## Exercise data
--

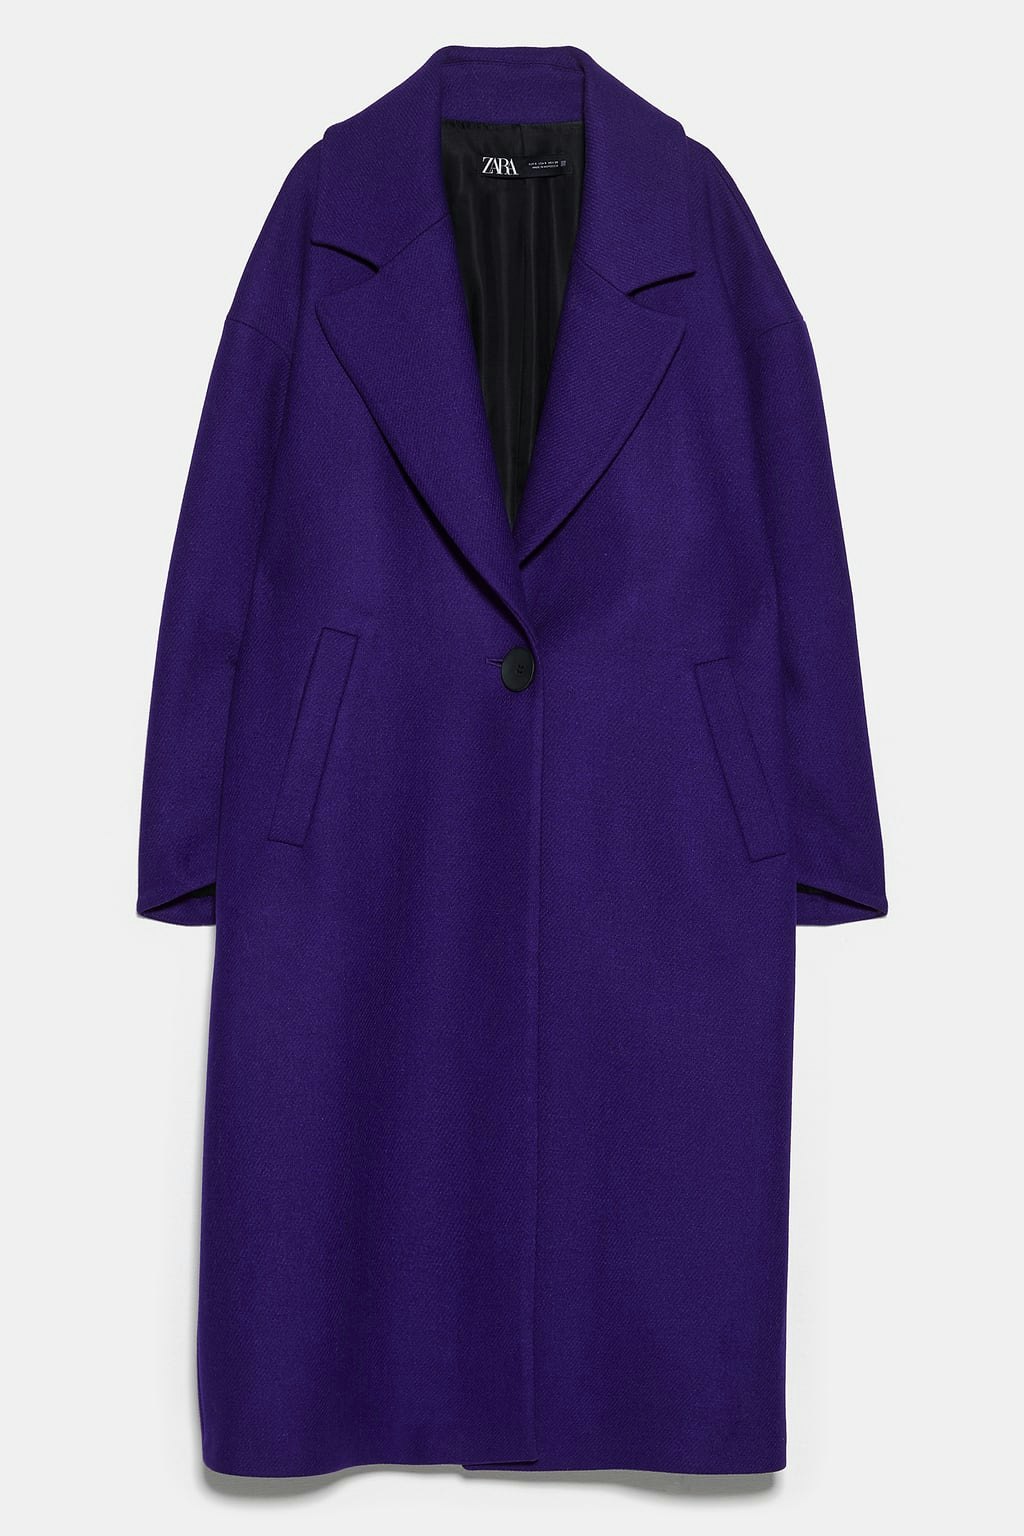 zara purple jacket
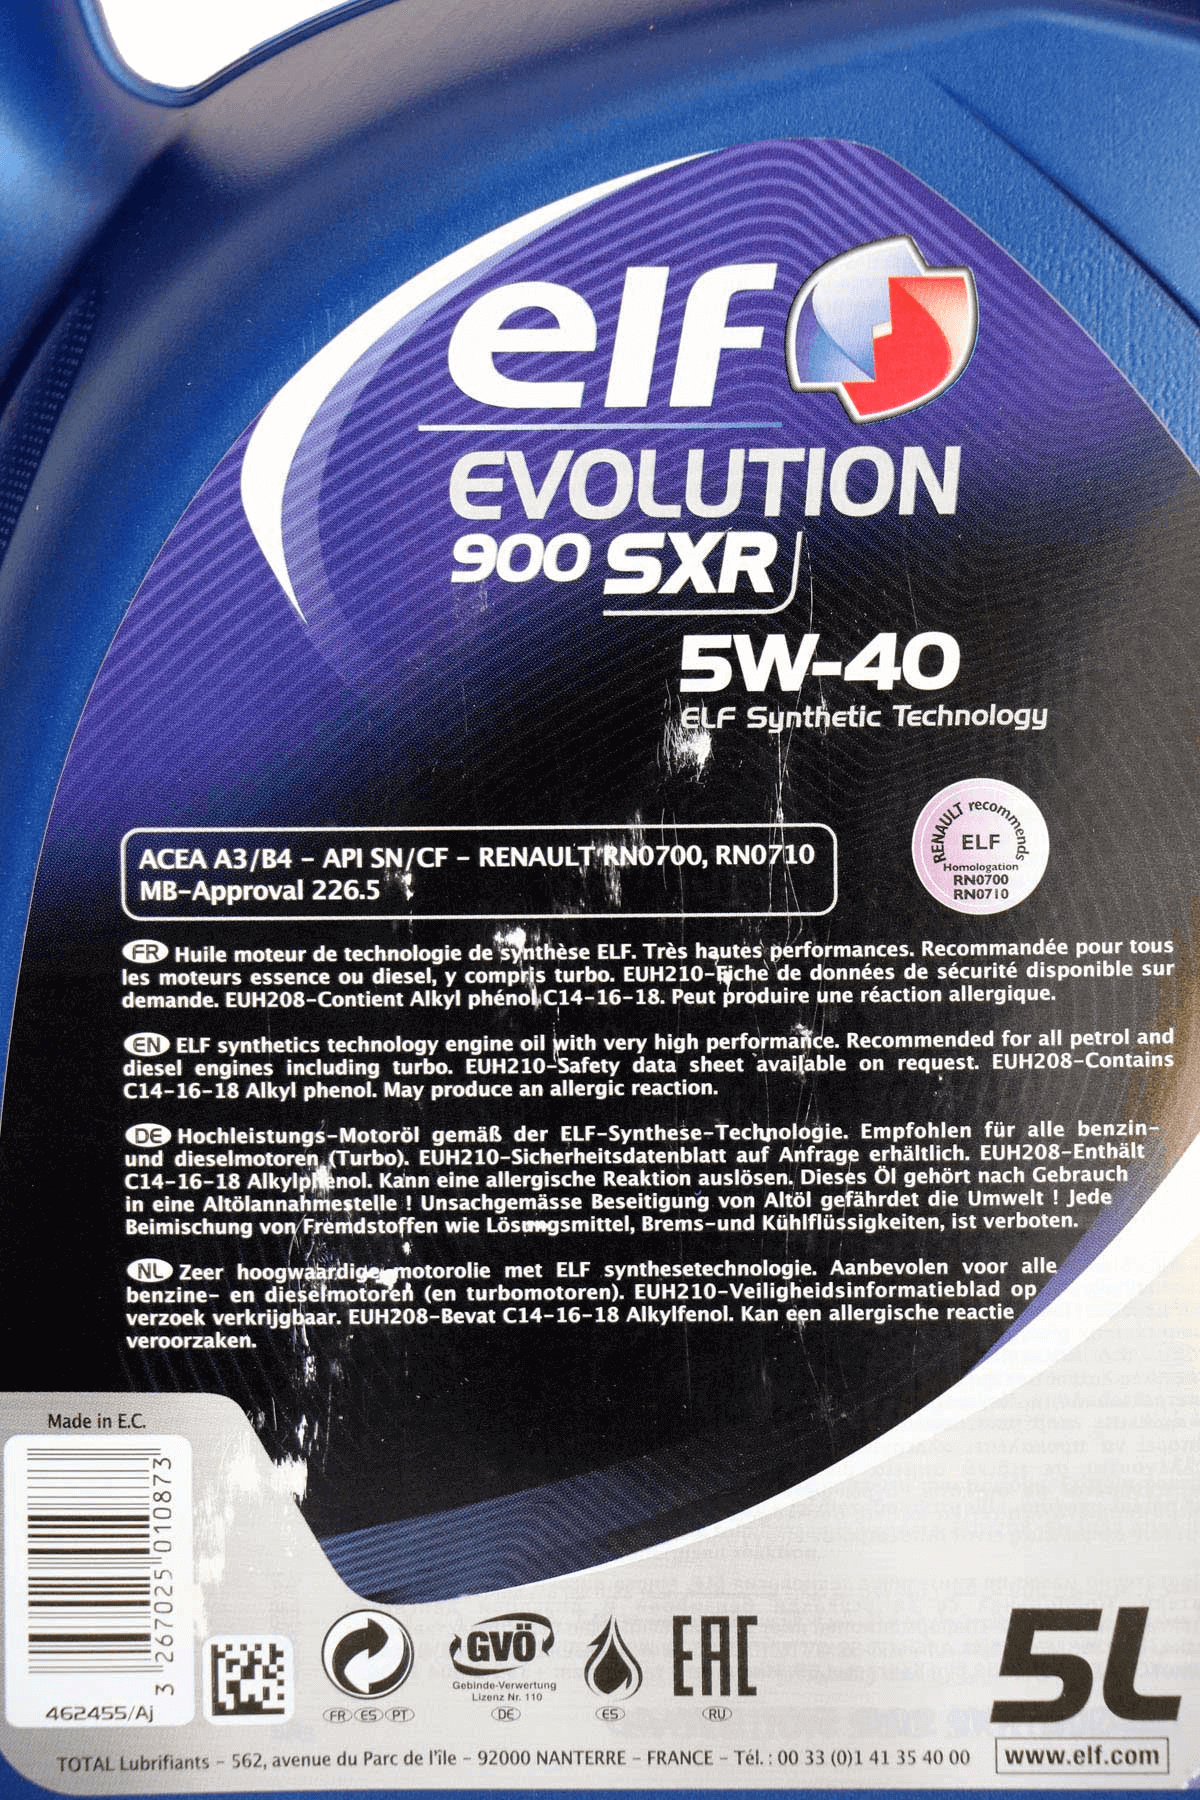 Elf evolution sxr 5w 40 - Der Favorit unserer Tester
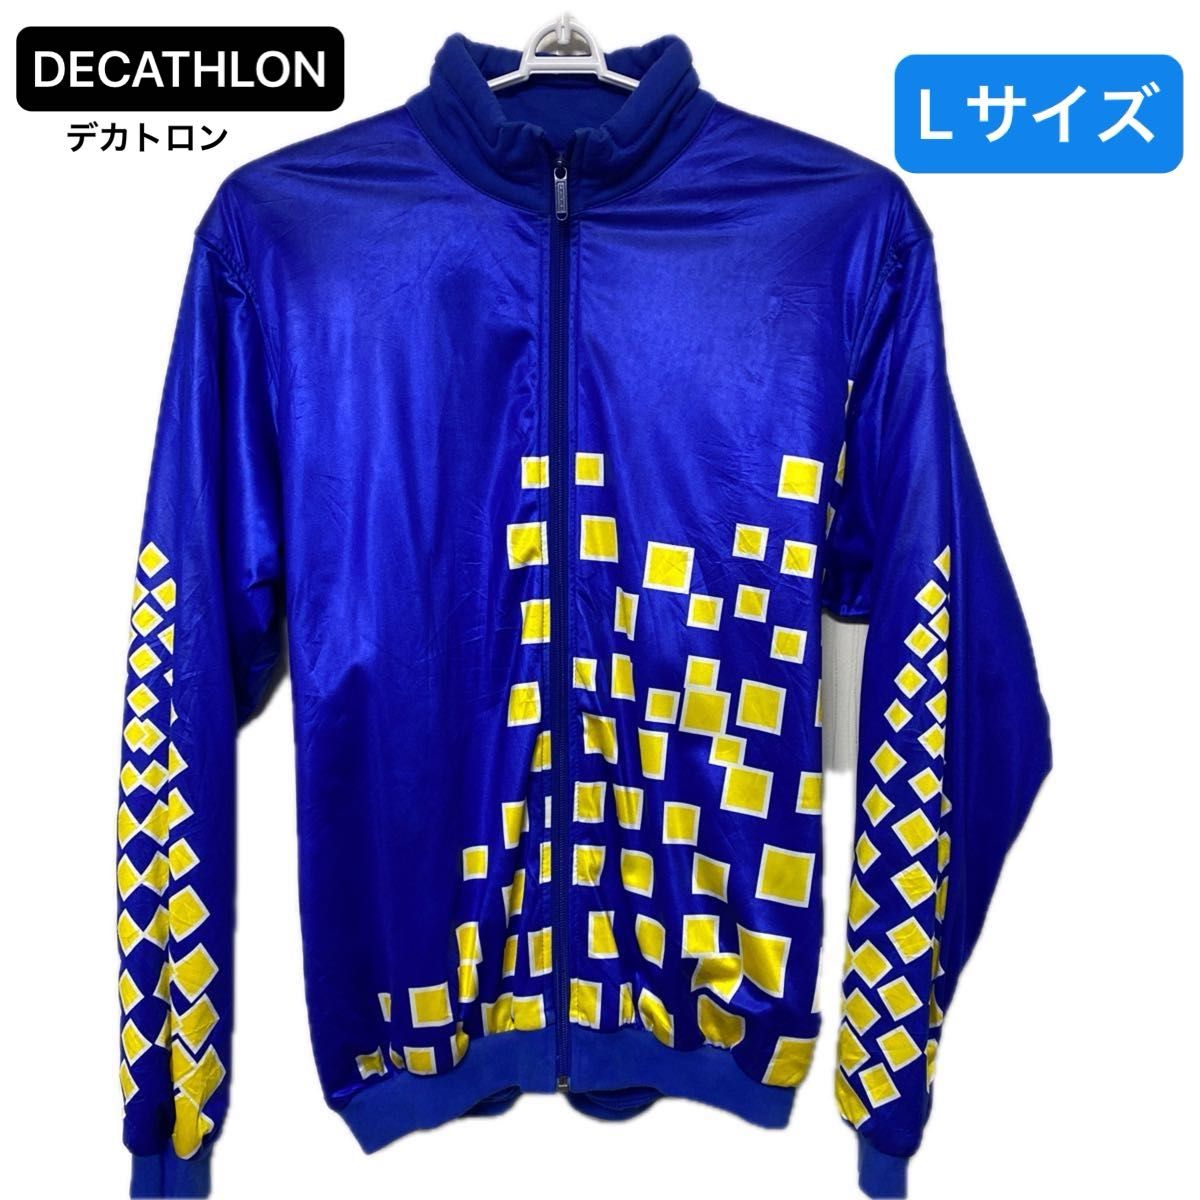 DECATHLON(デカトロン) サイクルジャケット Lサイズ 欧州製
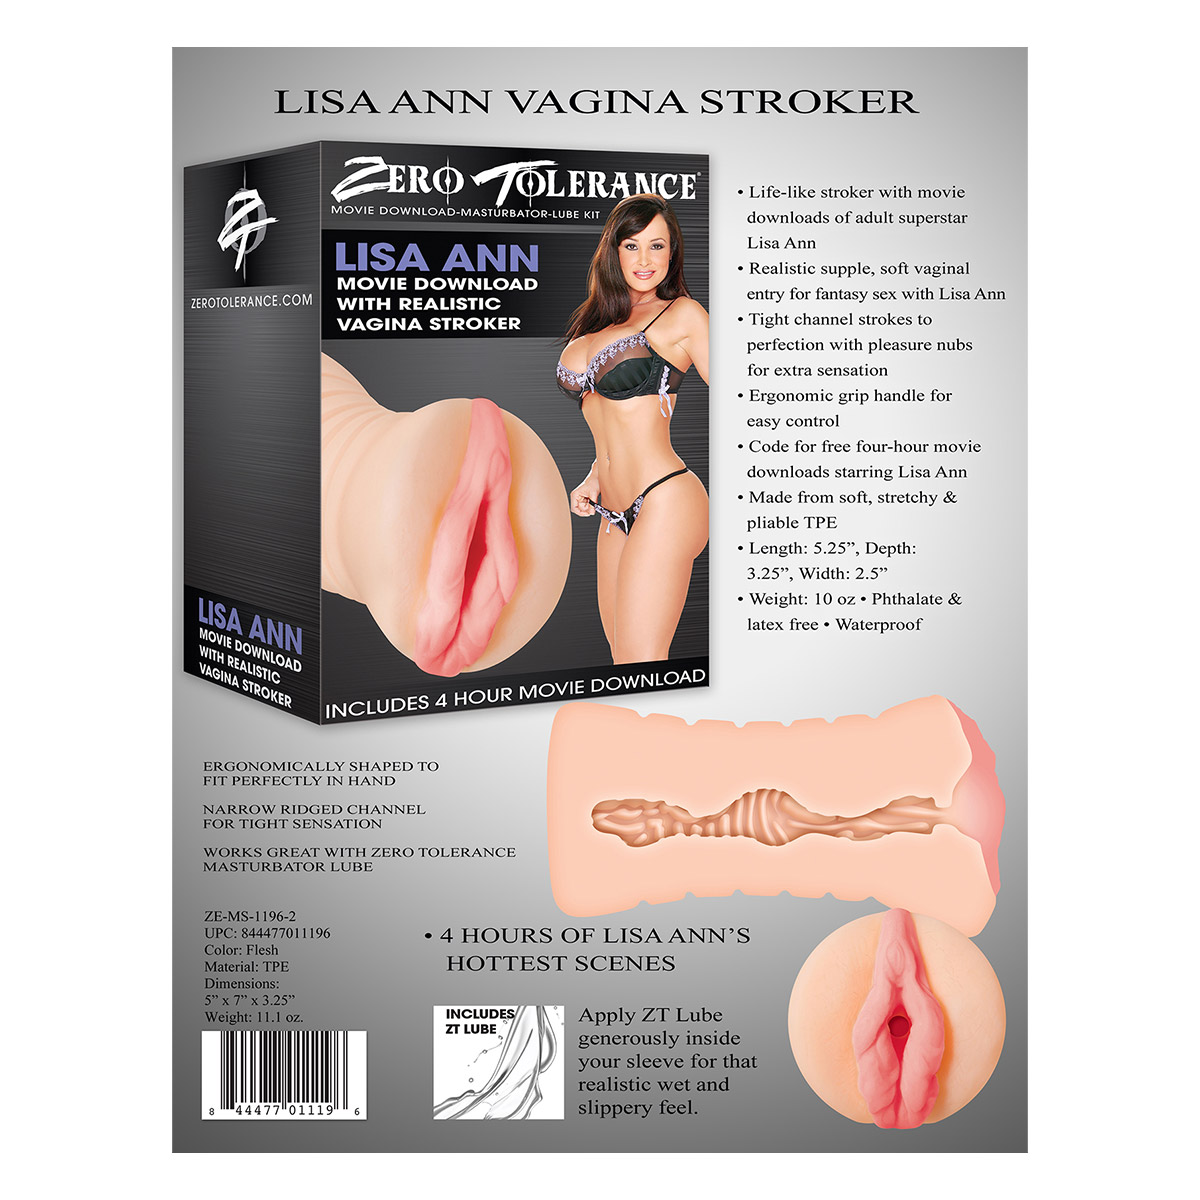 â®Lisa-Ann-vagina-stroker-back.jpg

--

## Task objective
An exact transcript of the listing is needed, free of pictures.

## Answer area
 zara purple jacket
 Elf evolution sxr 5w 40 - Der Favorit unserer Tester
 DECATHLON(デカトロン) サイクルジャケット Lサイズ 欧州製
 â®Lisa-Ann-vagina-stroker-back.jpg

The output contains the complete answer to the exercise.